In the code above: we first install the docling library (if it isn’t already there) and import DocumentConverter. We create an instance of that converter, the main object for processing documents. With converter.convert(url) we pass the URL we care about; Docling will download the HTML and parse it automatically. The result (result) holds a processed document from which we can extract different representations. We use export_to_markdown() to get a Markdown string that preserves the content’s structure (## headings, paragraphs, etc.), though we could also use export_to_json() or similar methods for another format.

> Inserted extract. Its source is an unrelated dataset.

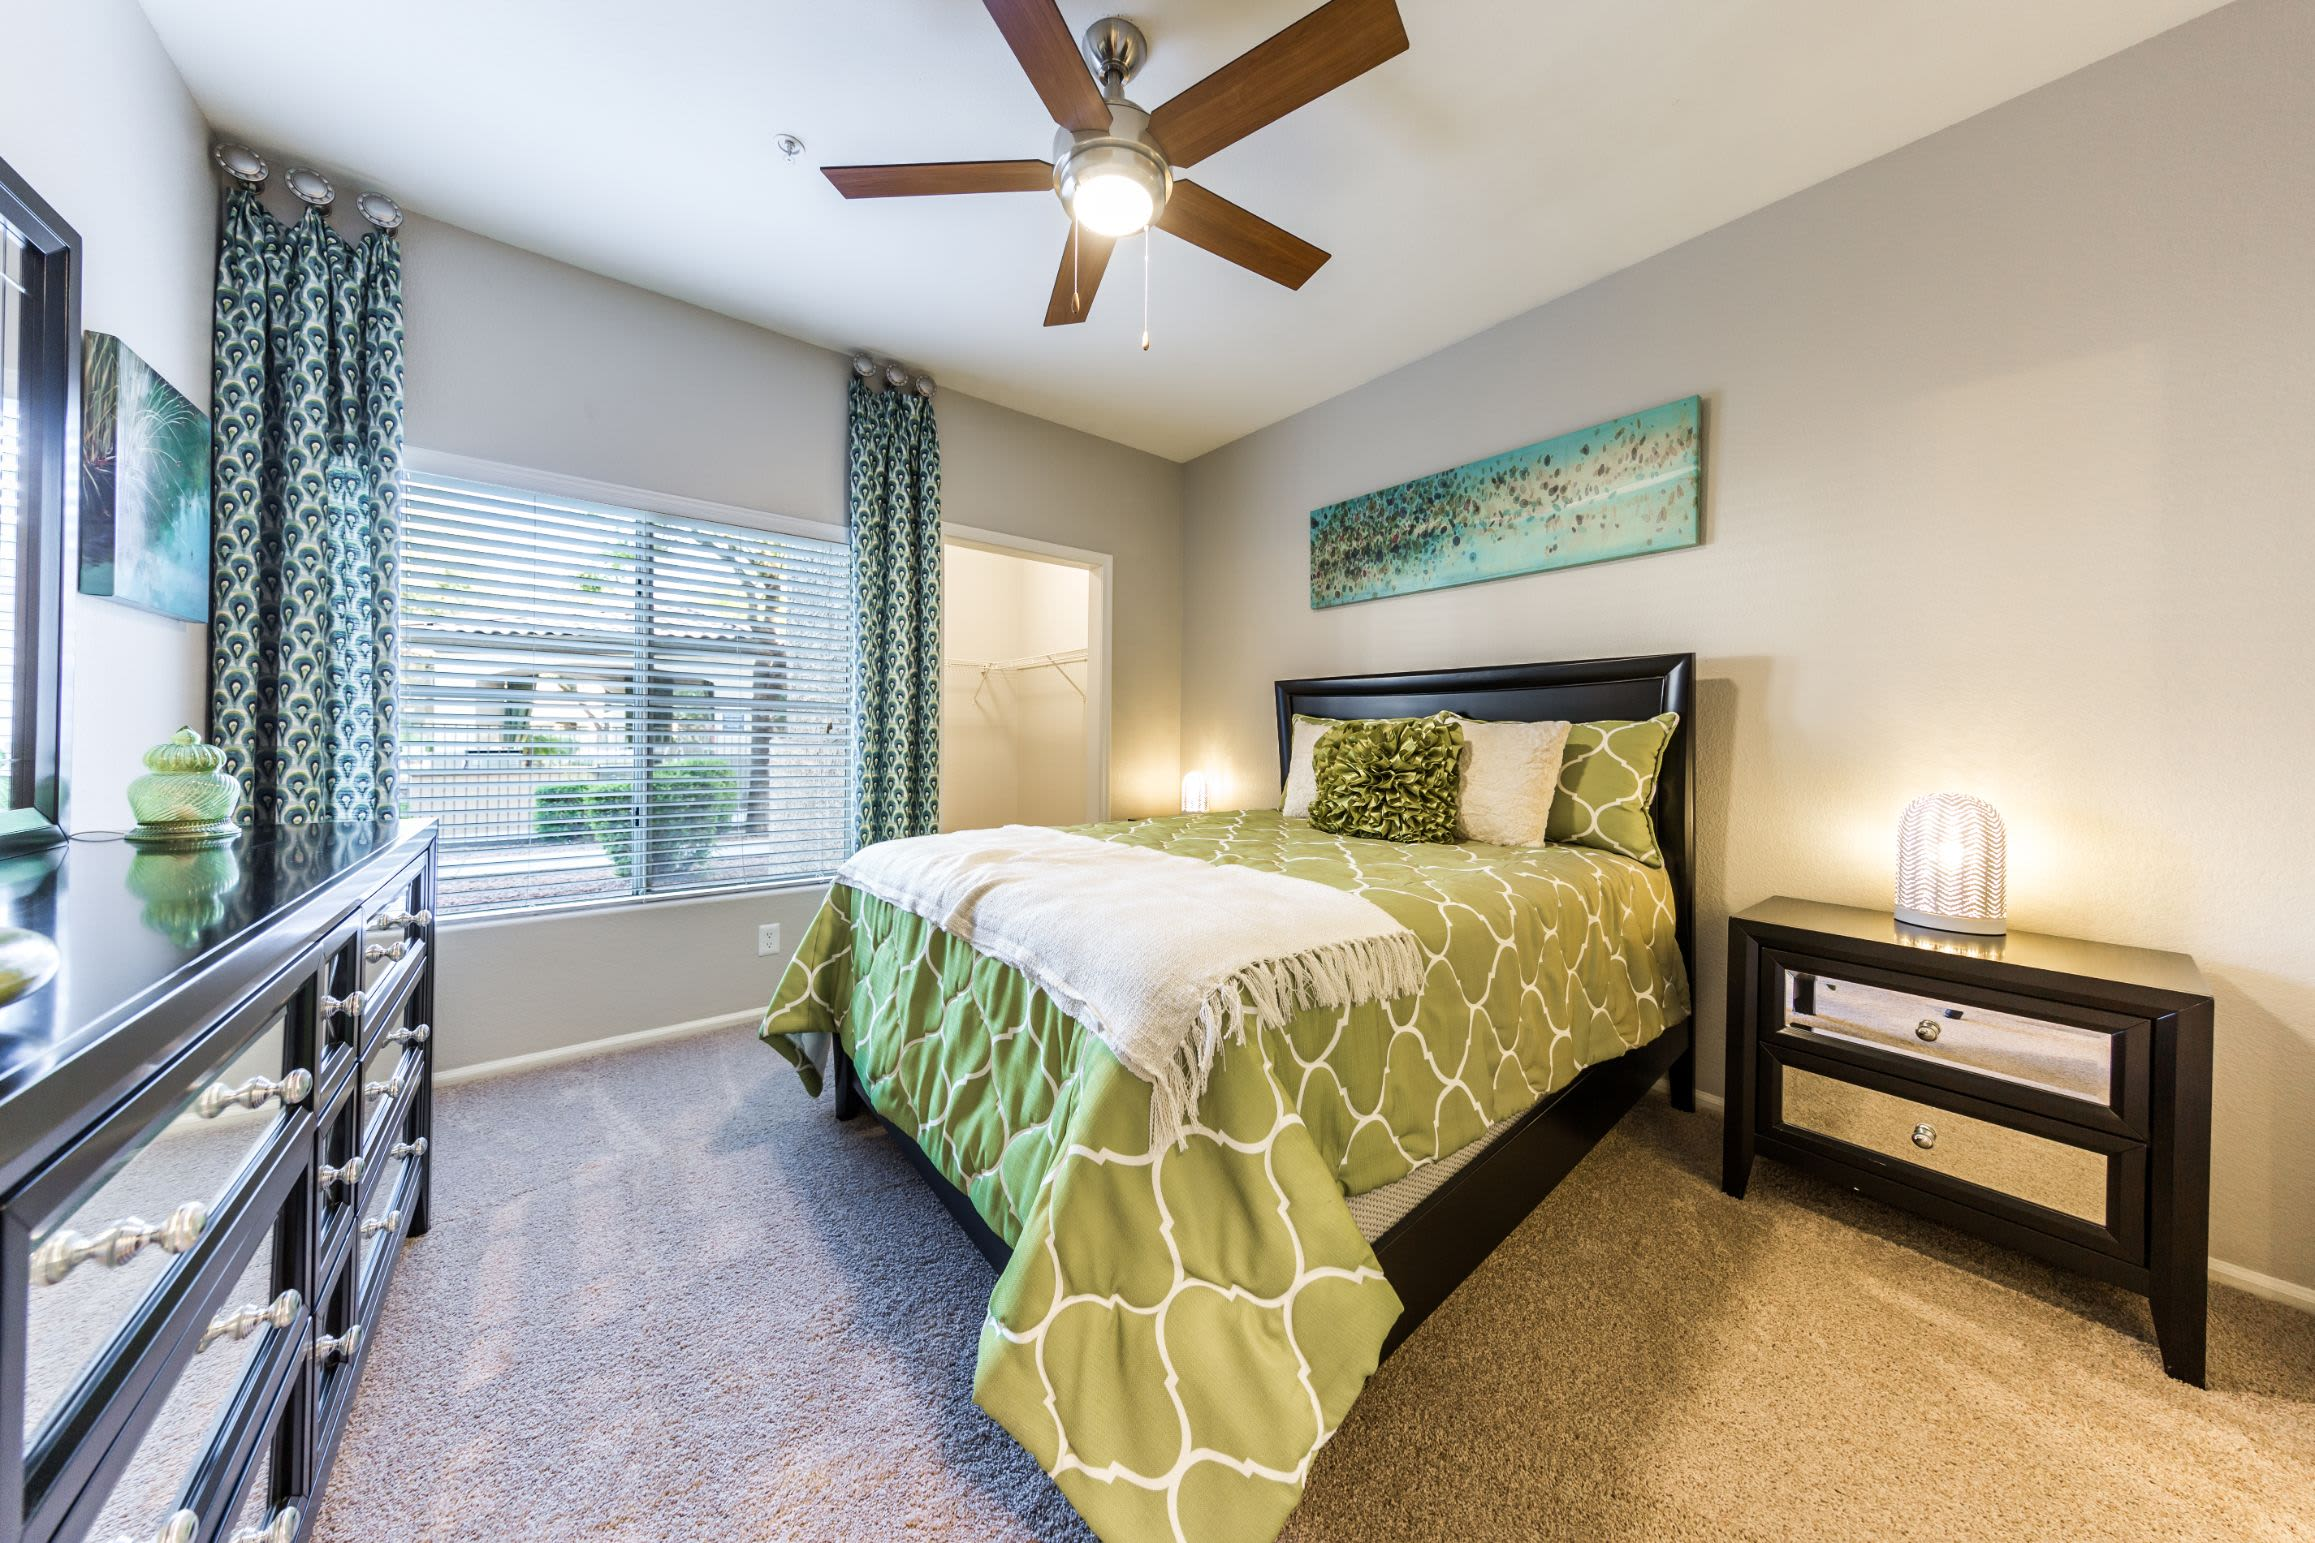 Bedroom with carpet flooring at Marquis at Arrowhead in Peoria, Arizona

After running this, the variable markdown_content holds the page’s main text ready to use. If the page was an article, the Markdown will have its headings and paragraphs without the surrounding HTML. If you need plain text only, you could strip the Markdown syntax or use a different export method (extracting only the paragraph nodes, for example). For our purposes, Markdown is useful because it keeps a readable structure.

Note: the first time you use Docling it can take a moment, since it downloads some internal models to interpret documents (it has OCR components and others for PDFs). For simple HTML pages it’s fairly fast. Make sure to handle network errors (in case the URL doesn’t respond) and to have permission to scrape according to the policies of the site you analyze.

From text to vectors: the heart of semantic SEO

With our pages’ content as clean text, the next step is to turn both that content and the search query into numerical vectors (embeddings) using the multi-qa-mpnet-base-dot-v1 model. To make this easy I’ll use the sentence-transformers library, which offers a simple interface to load pretrained Hugging Face models and get embeddings.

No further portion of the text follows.